I often take myself out in public as a means to deal with the pressing feeling of loneliness. It’s funny because while I’m out in public I don’t really engage with anyone. I share smiles with people I pass on the street and eventually return home with the loneliness slightly deadened, but ever present in my awareness.
Did this start as some childhood issue with my dad leaving and never being around? I’m actually now thinking I have two separate issues to address. One is this loneliness, the other is the feeling I have about not being wanted. I think that one is deep. I’m pretty certain that comes from a sense of rejection as a child by my dad. He wasn’t around. When he was, I felt bottled up anger toward him. When I wanted him to be there he’d always end up disappointing me. I’m certain that the anger I felt toward him was in part mine and largely the anger and rage that my mom felt toward him.
I realize that my Law of Attraction (part 2)continues to bring me men that will reject me to draw attention to this feeling of rejection inside me. This one’s hard because I’m not sure how to get all the way down to the root of this emotion. I’d love Your Tender Help in getting this out of me. Does this emotion mean, in some way, that I think You’re going to reject or abandon me? I surely hope not, but wish to have it gone from my soul all the same. I wish to take down these barriers that continue to keep us apart. I’m ready to lay my soul bare and strip from it everything that is not loving.

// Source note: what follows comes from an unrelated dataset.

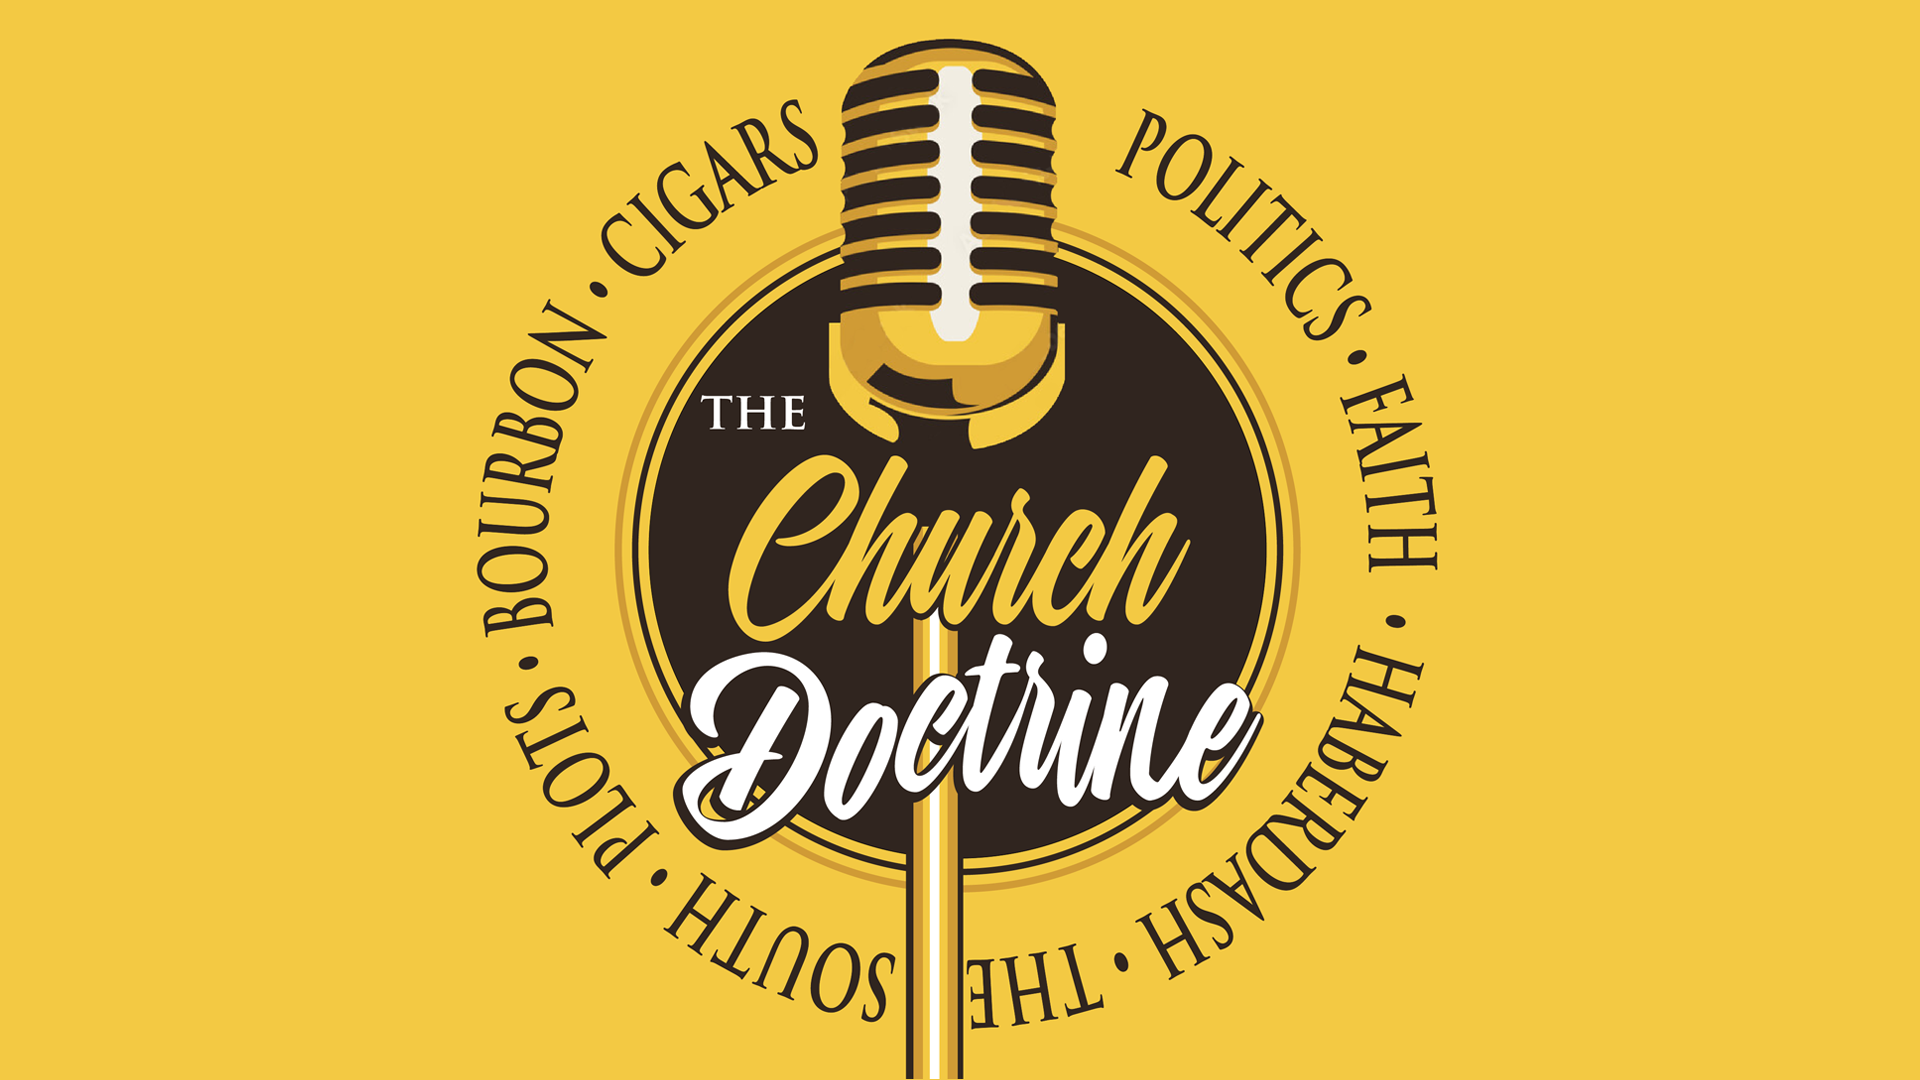 The Church Doctrine Episode 2 - O' Brother, Wherefore Art Thou?

Please continue to help me with this God. Please continue to help me with Your Guidance. Please continue to show me ways that I can get through these issues. Getting into my emotions can be really hard. I’ve been quite diligent about building a big huge wall around them for so long. I sincerely long to expose and open my soul. With all of my heart I wish to lay bare everything that I need to work through. I’ve greatly enjoyed the few opportunities that I’ve had to help people and I want to do more of it.